▶ [Task goal]: A faithful copy of the listing below is needed, with its pictures left out.

▶ [Supplied material]:
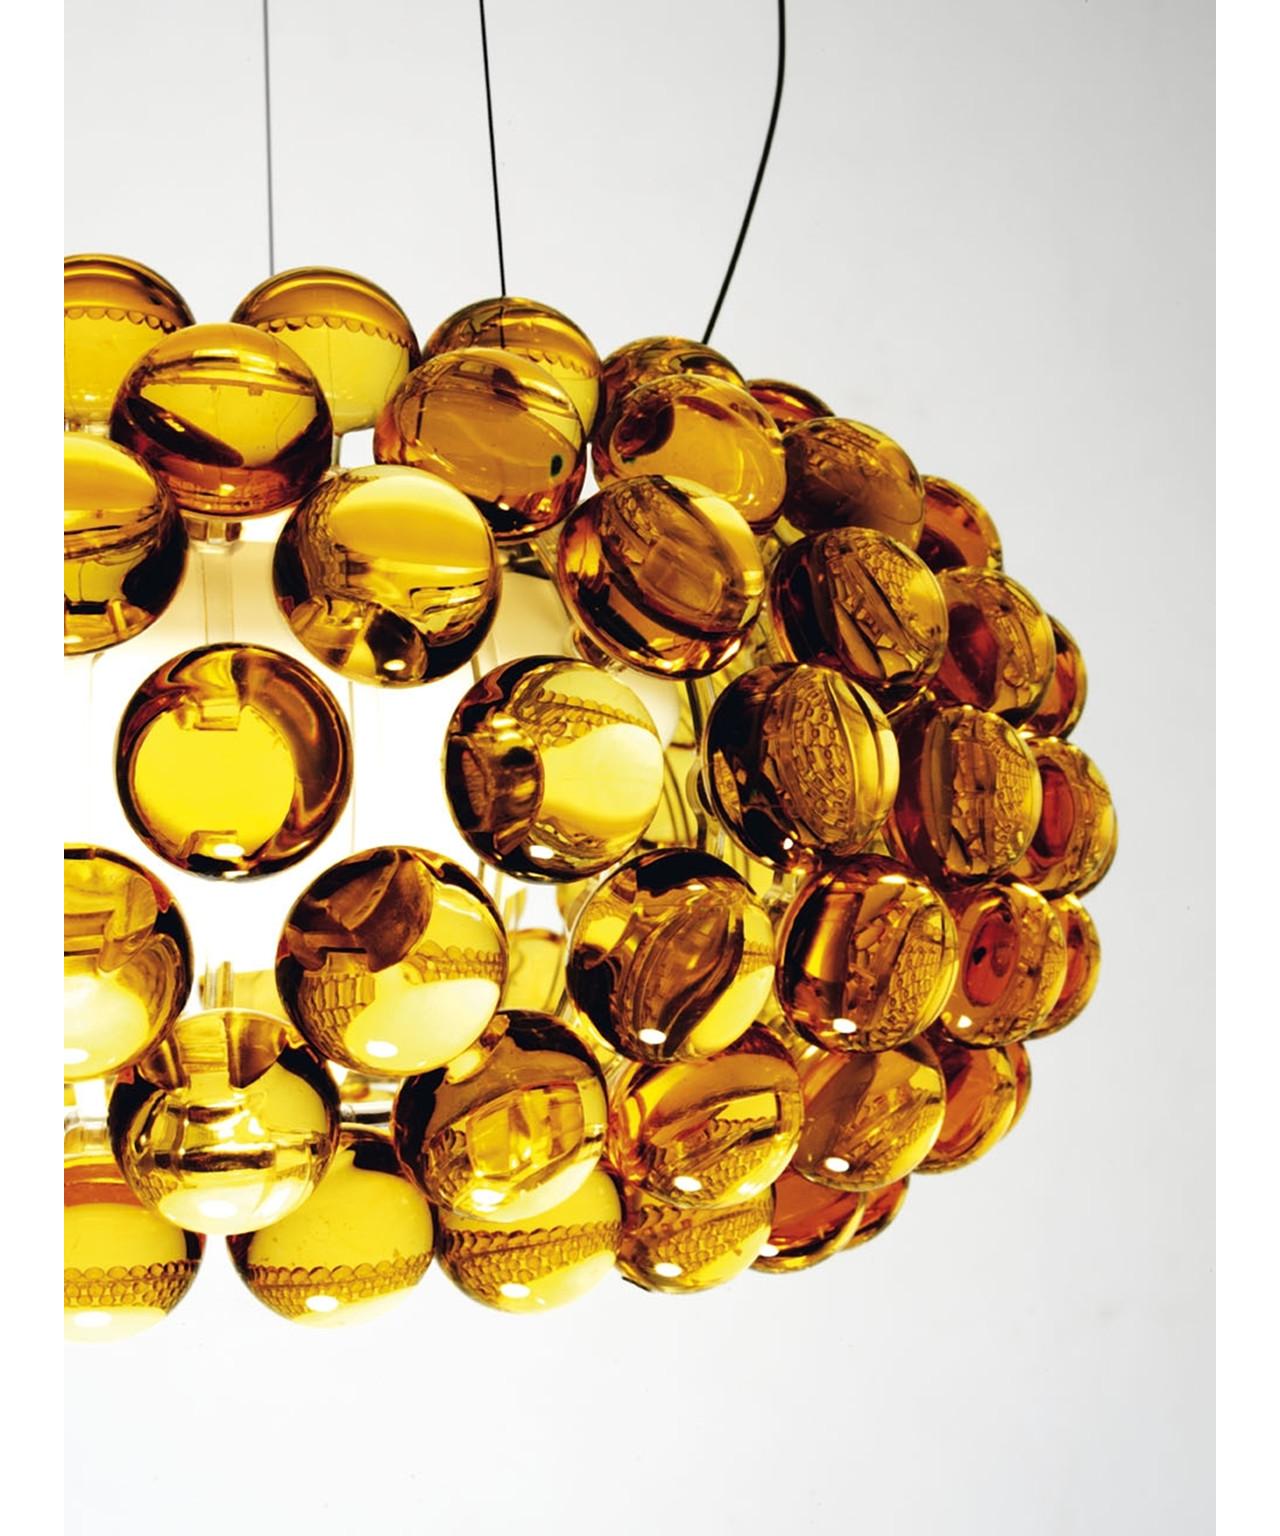 caboche klein pendelleuchte gelb gold foscarini. Black Bedroom Furniture Sets. Home Design Ideas
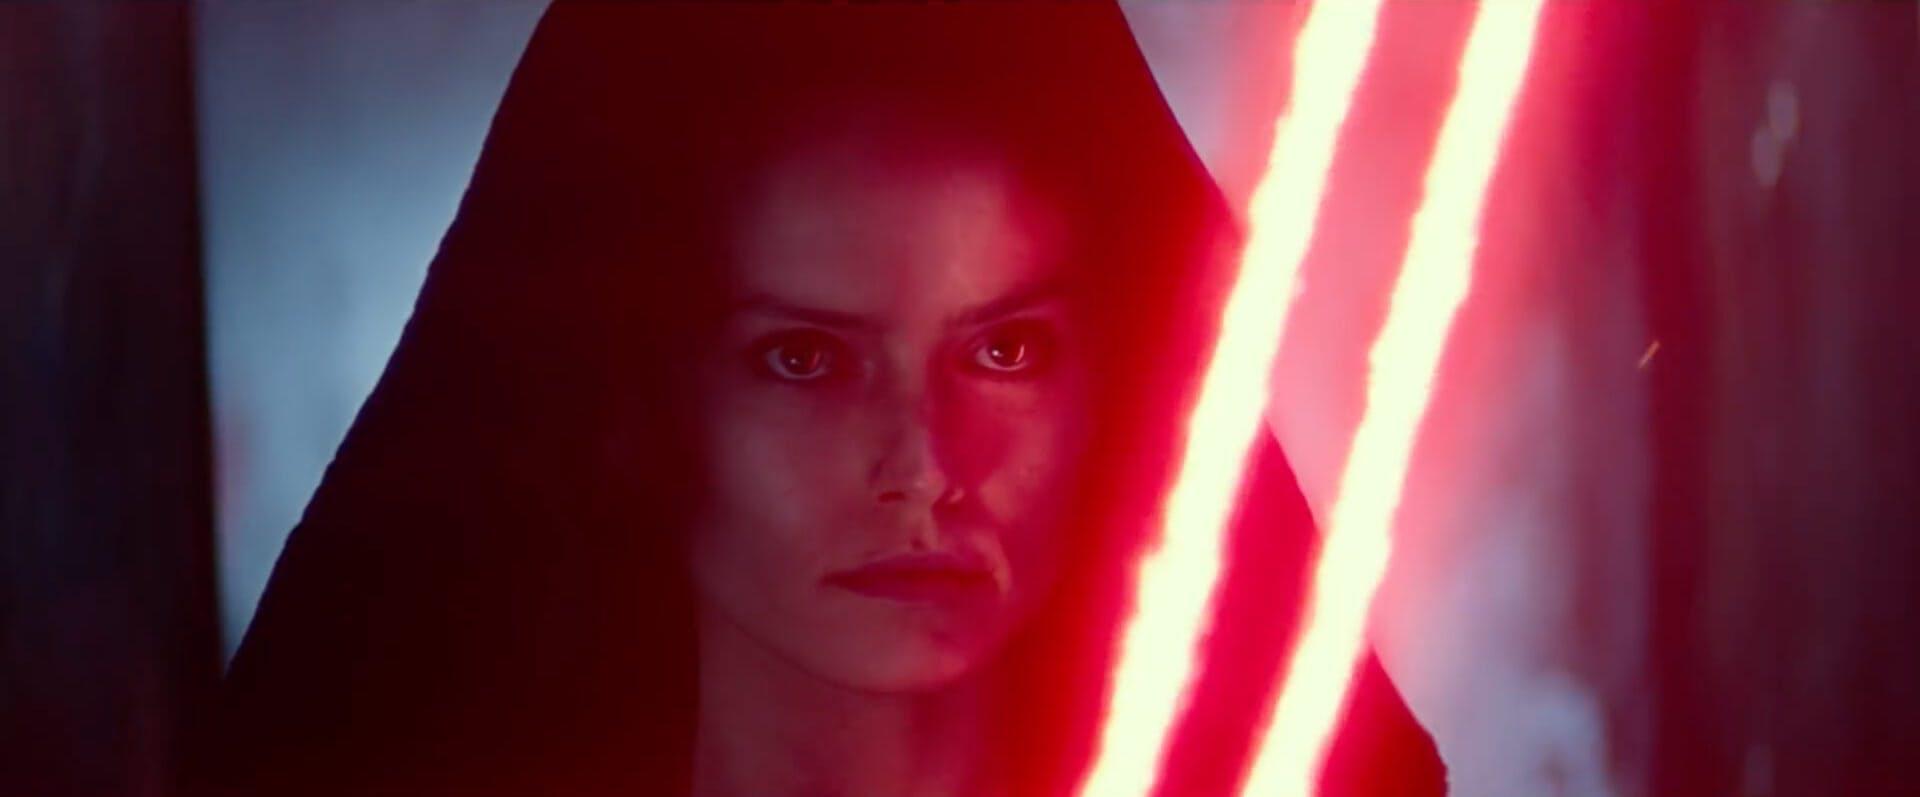 The Rise of Skywalker - Rey
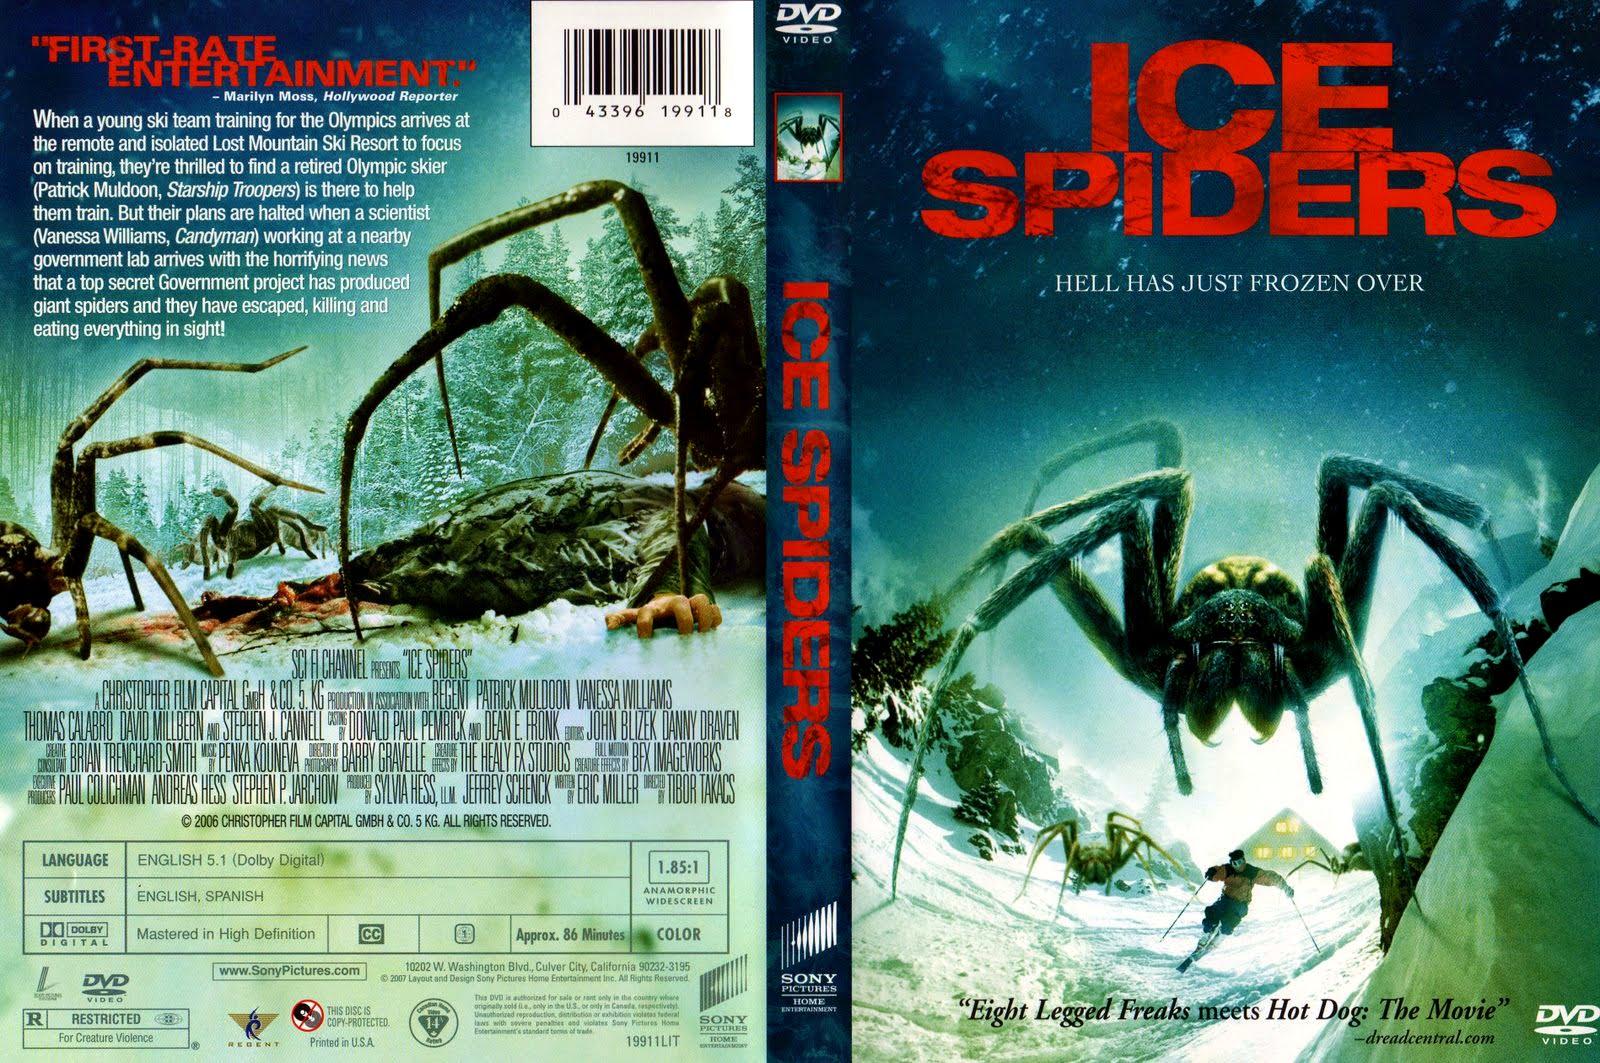 http://4.bp.blogspot.com/_Kf6evr1umrA/TQQsXUNcwoI/AAAAAAAAJ1g/1KhyJDq72XA/s1600/Ice_Spiders_R1-%255Bcdcovers_cc%255D-front.jpg
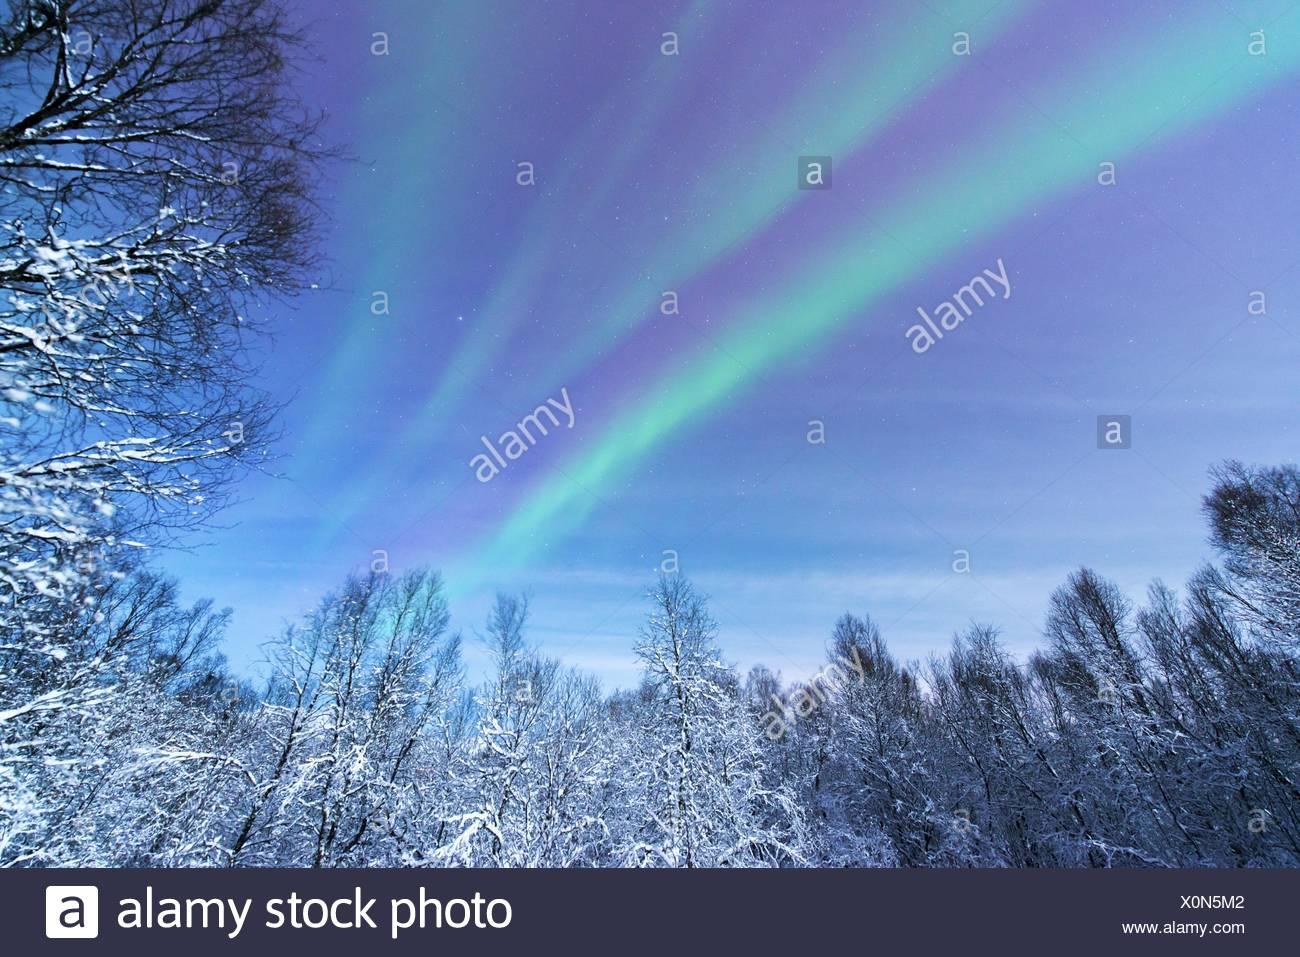 aurora above snowy forest scenery, Norway, Troms, Tromsoe - Stock Image

▶ [Answer section]:
 caboche klein pendelleuchte gelb gold foscarini. Black Bedroom Furniture Sets. Home Design Ideas
 The Rise of Skywalker - Rey
 http://4.bp.blogspot.com/_Kf6evr1umrA/TQQsXUNcwoI/AAAAAAAAJ1g/1KhyJDq72XA/s1600/Ice_Spiders_R1-%255Bcdcovers_cc%255D-front.jpg
 aurora above snowy forest scenery, Norway, Troms, Tromsoe - Stock Image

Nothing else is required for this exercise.